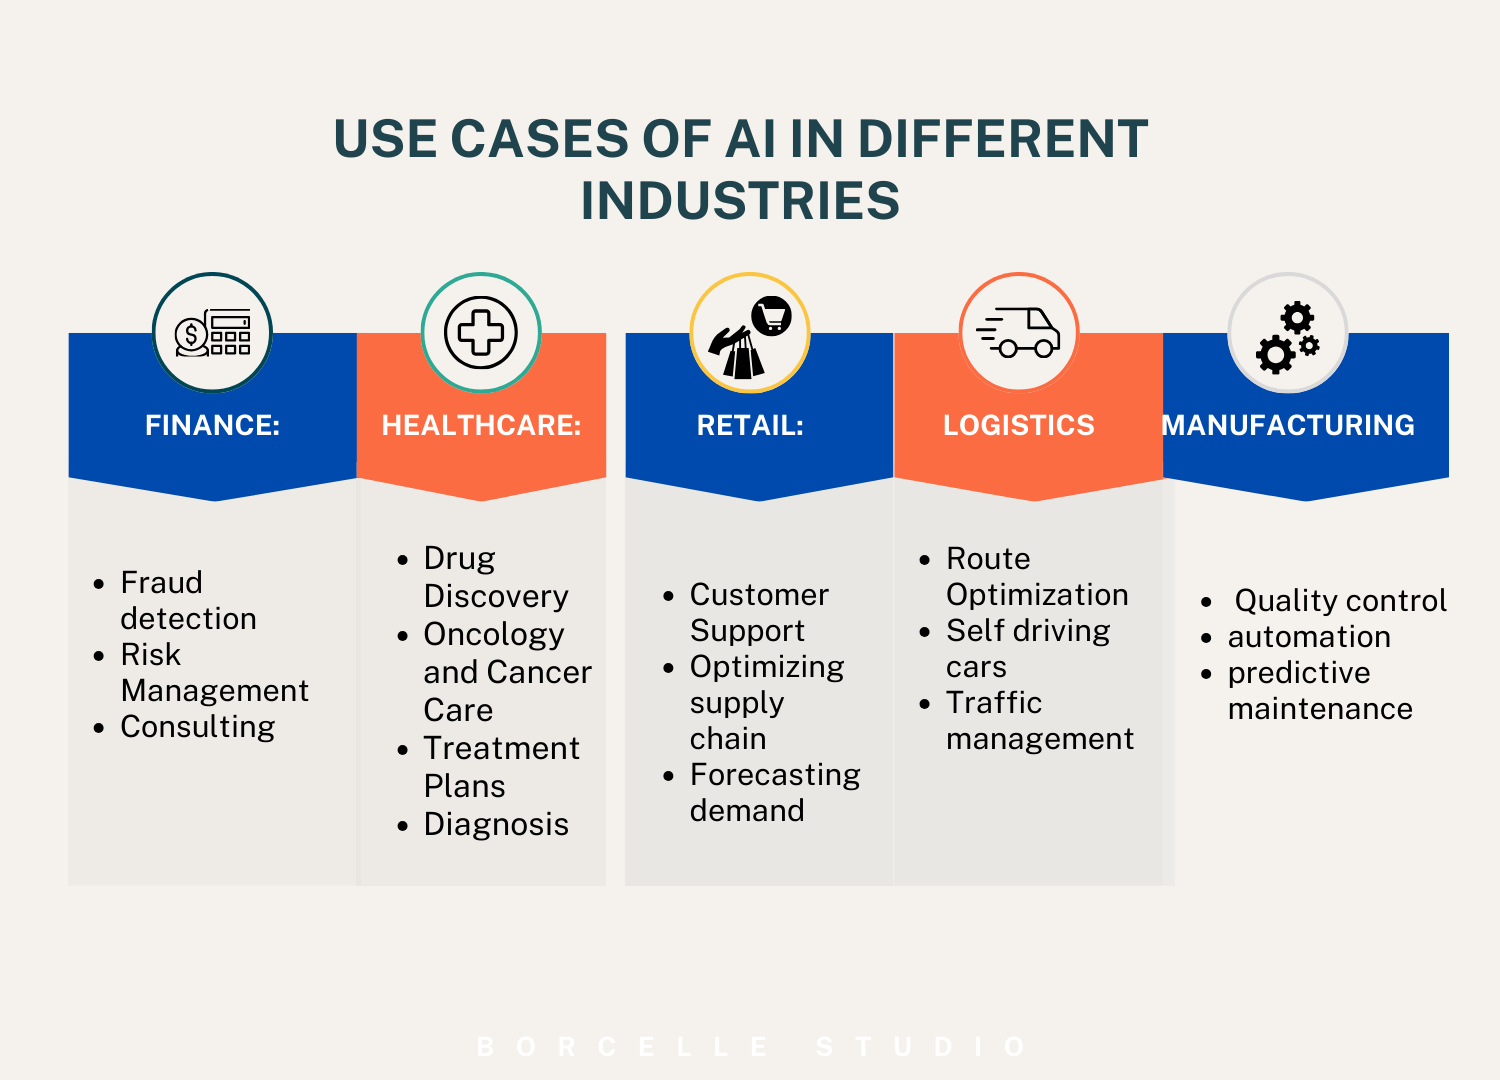 Use Cases of AI in Industries
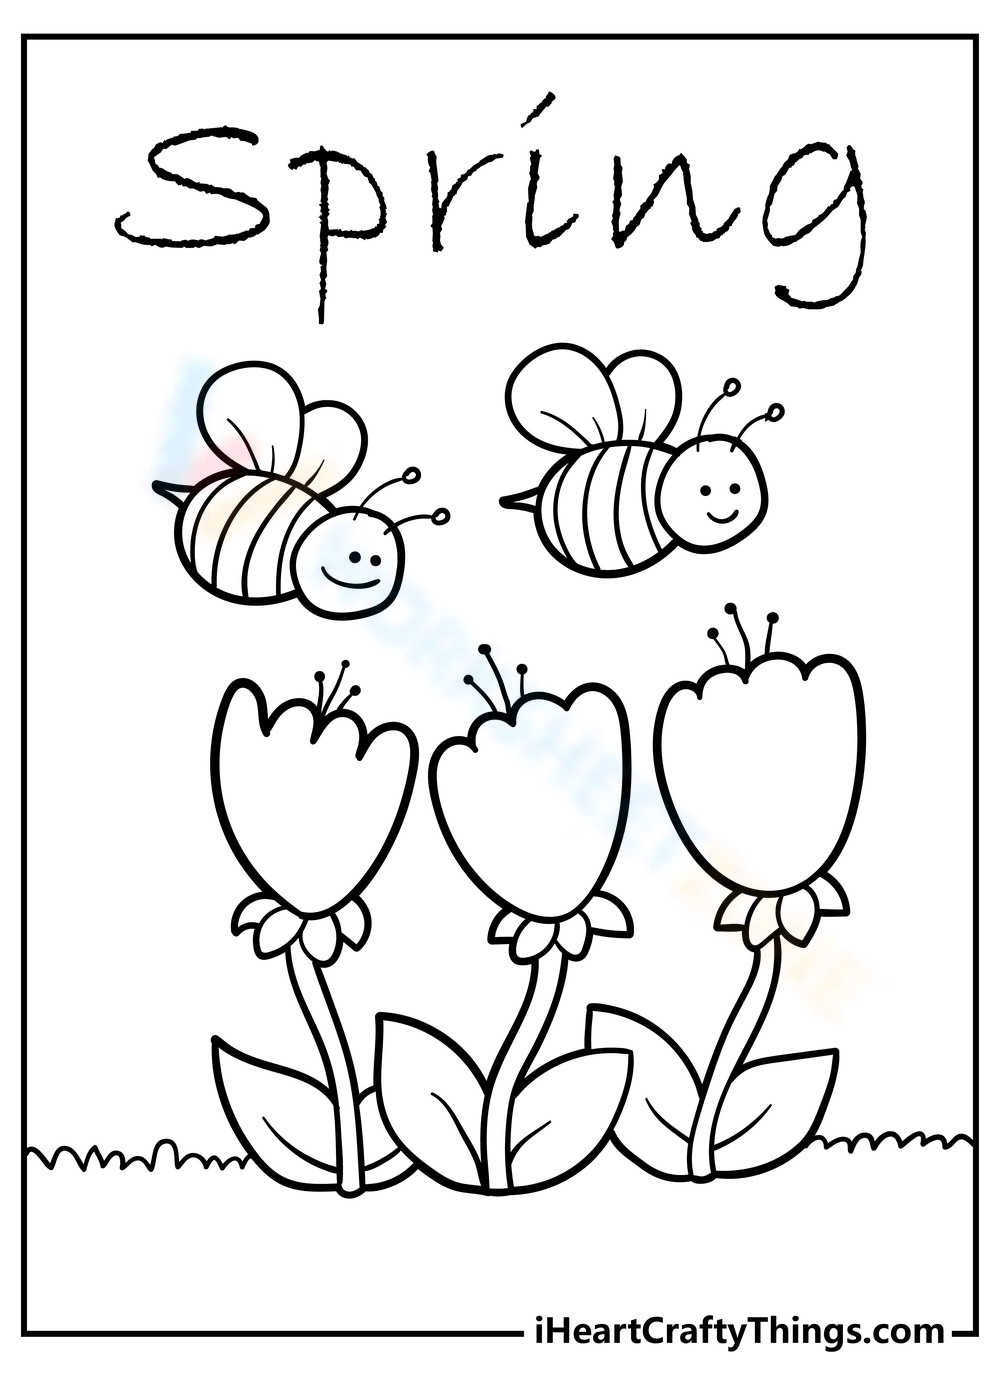 Bee and flowers
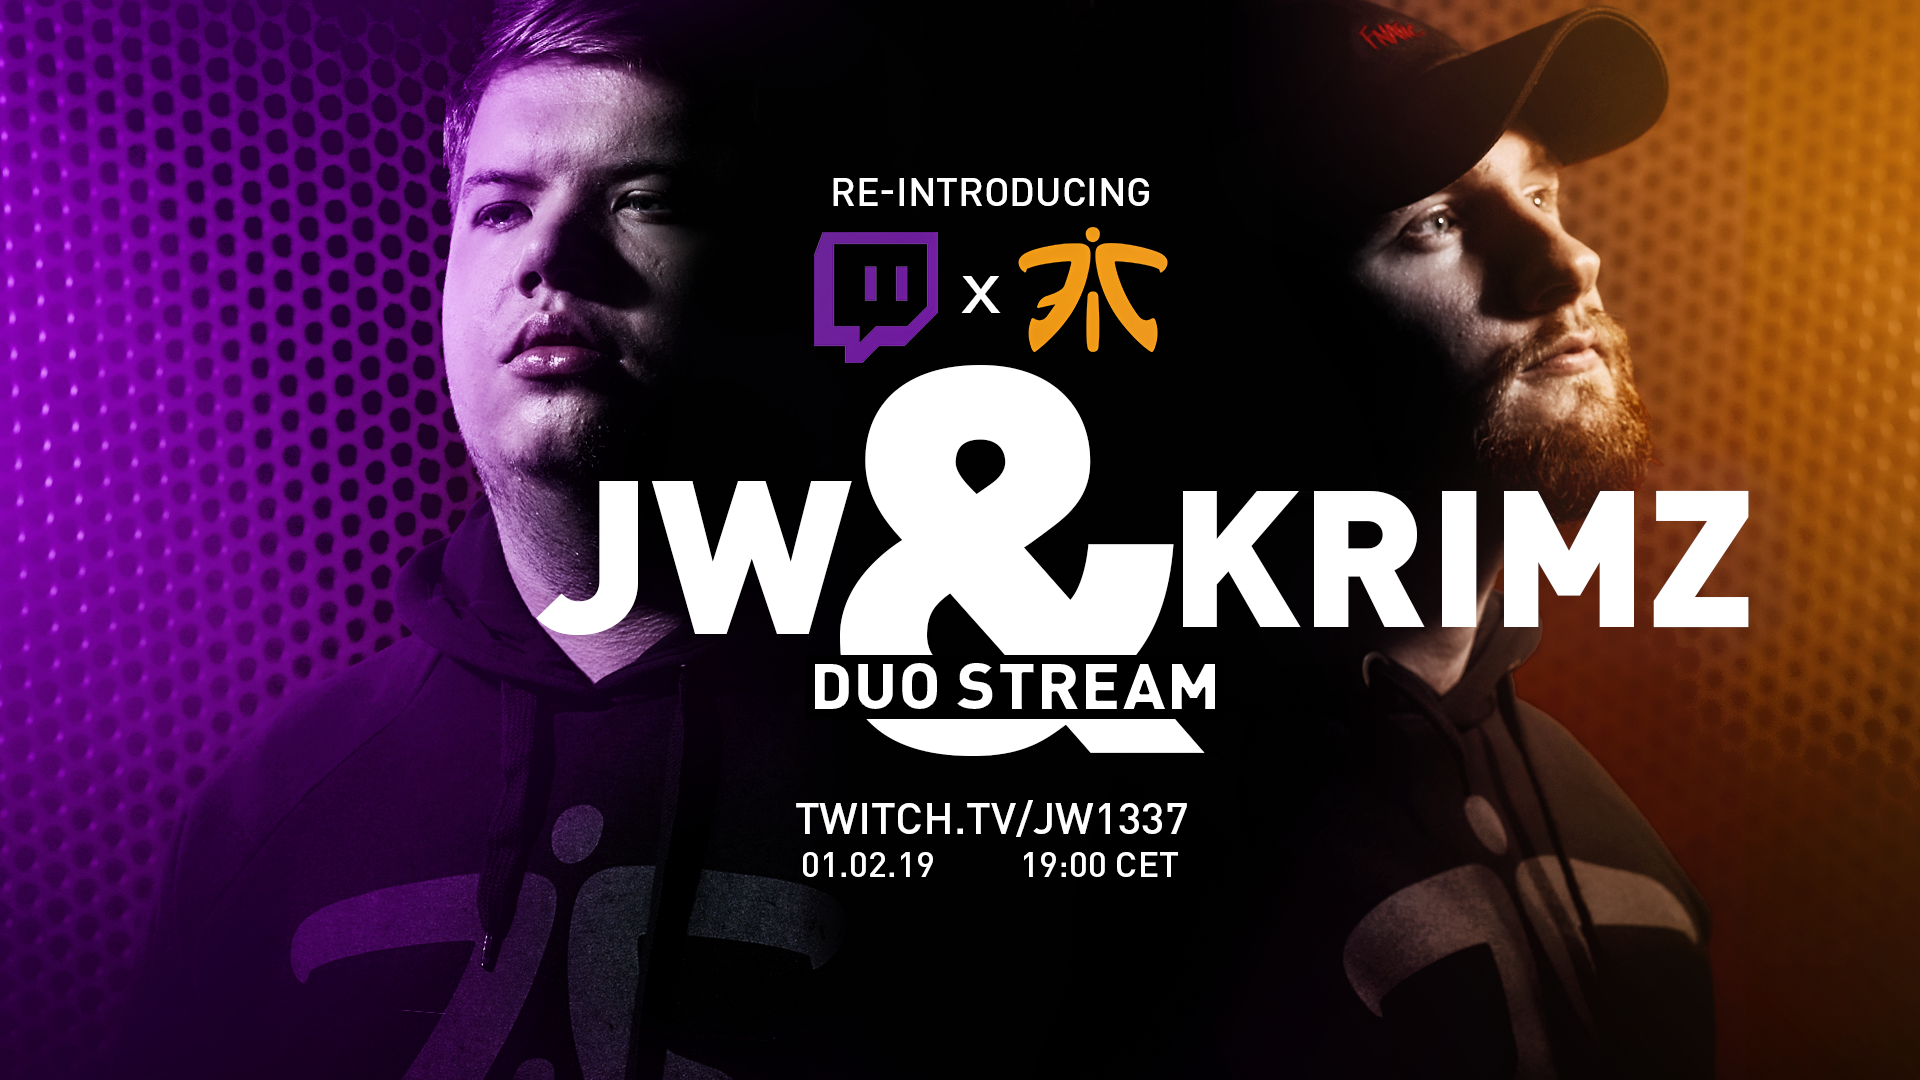 Fnatic sign exclusive streaming partnership with Twitch

Exercise prompt: Copy all the lines of data exactly as they appear, dropping any images.

Expected output:
 Use Cases of AI in Industries
 Bee and flowers
 Fnatic sign exclusive streaming partnership with Twitch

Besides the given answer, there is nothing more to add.